# Driving aimlessly with American plates



## tsklan (Jan 9, 2010)

When I lived in Central America for six years, I frequently took _any_ road at _any_ time, including in the middle of the night. If I saw a road that looked interesting, I took it. I had plates from Costa Rica (though I traveled mostly in Nicaragua and Honduras). I have not traveled in Mexico before. Every Mexican to whom I speak in the U.S. warns: "No way! If you do that in Mexico you _will_ be robbed or worse." I'm not a paranoid traveler by any stretch, but I've never before heard such adamant warnings. In your opinion, how dangerous is the following situation? Maybe it would be useful to rate your response: 1 (no problem at all) to 10 (almost certain disaster). I understand that these are best opinions. Please: Only people who have extensive experience in Mexico.
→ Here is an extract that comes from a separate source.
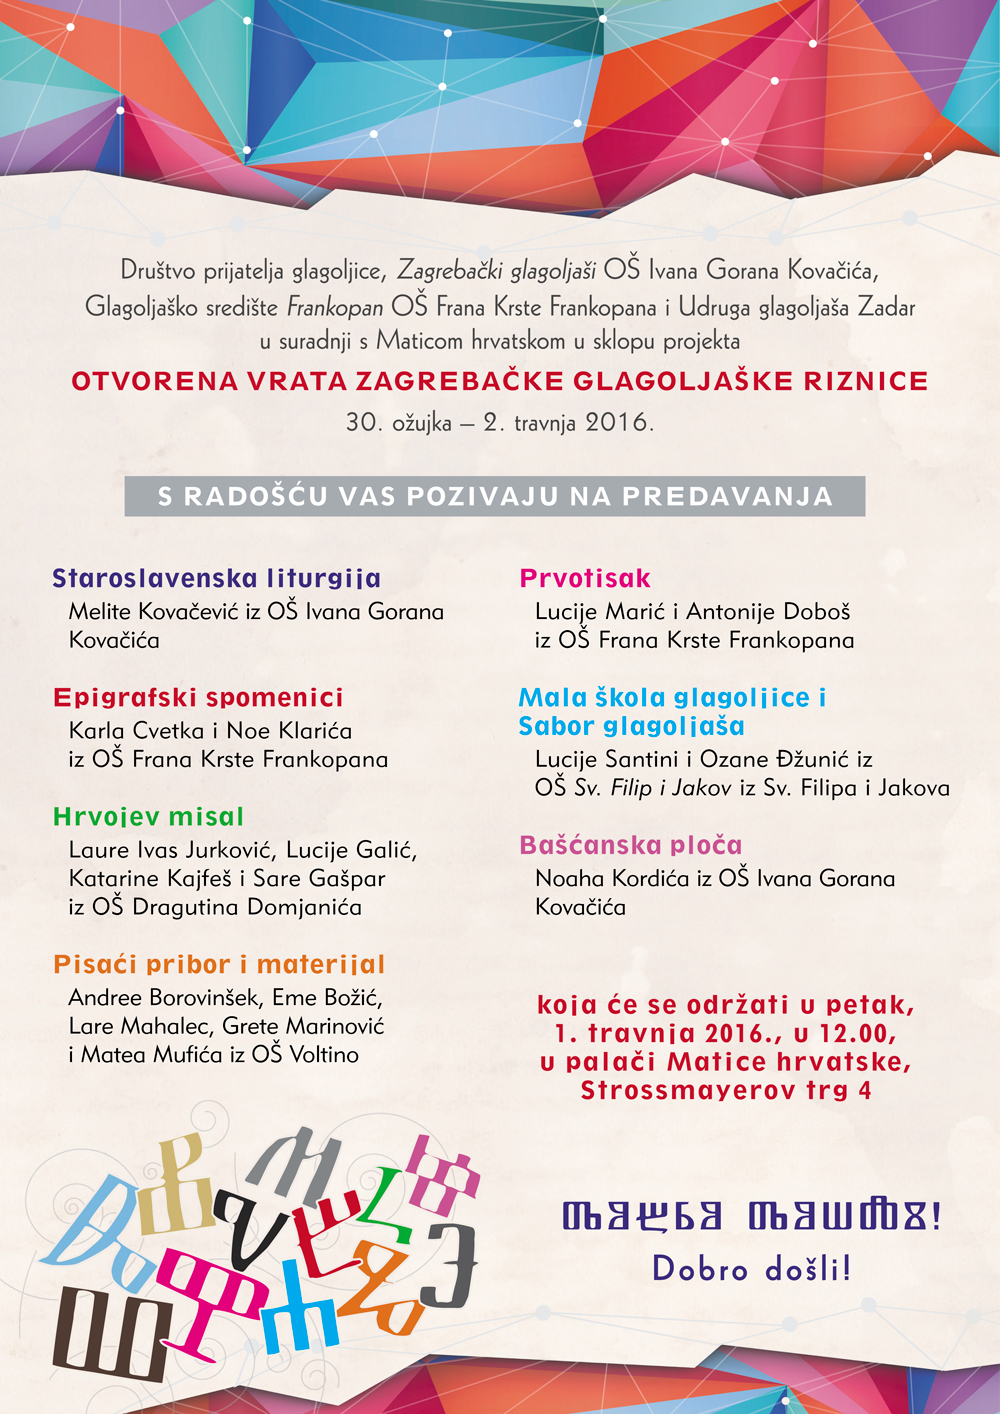 """Otvorena vrata zagrebačke glagoljaške riznice"""

- Will drive alone with U.S. plates. (I'm a middle-aged man).
- Will be traveling for 8 weeks, perhaps 30 days on the road.
- Will sometimes travel toll roads, but will take other roads 50% of the time.
- Will go all over Guadalajara, D.F., and to many points south of D.F: along parts of the coasts, Chiapas, Yucatan, to the southern border, etc.
- Will be south of D.F. most of the time, say seven of the total of eight weeks.
- Will drive 10% of the time during the night.


----------



## kazslo (Jun 7, 2010)

tsklan said:


> When I lived in Central America for six years, I frequently took _any_ road at _any_ time, including in the middle of the night. If I saw a road that looked interesting, I took it. I had plates from Costa Rica (though I traveled mostly in Nicaragua and Honduras). I have not traveled in Mexico before. Every Mexican to whom I speak in the U.S. warns: "No way! If you do that in Mexico you _will_ be robbed or worse." I'm not a paranoid traveler by any stretch, but I've never before heard such adamant warnings. In your opinion, how dangerous is the following situation? Maybe it would be useful to rate your response: 1 (no problem at all) to 10 (almost certain disaster). I understand that these are best opinions. Please: Only people who have extensive experience in Mexico.
> 
> - Will drive alone with U.S. plates. (I'm a middle-aged man).
> - Will be traveling for 8 weeks, perhaps 30 days on the road.
> ...


This might be my incorrect assumption, but I don't think anyone doing these robberies/violence takes the time to look at the plates as you go flying down the road. If there is something about you, your things, or your vehicle, that is worth robbing, and thats the mission that the bad guy is on, he'll take it from you irregardless of how/if the car is plated. 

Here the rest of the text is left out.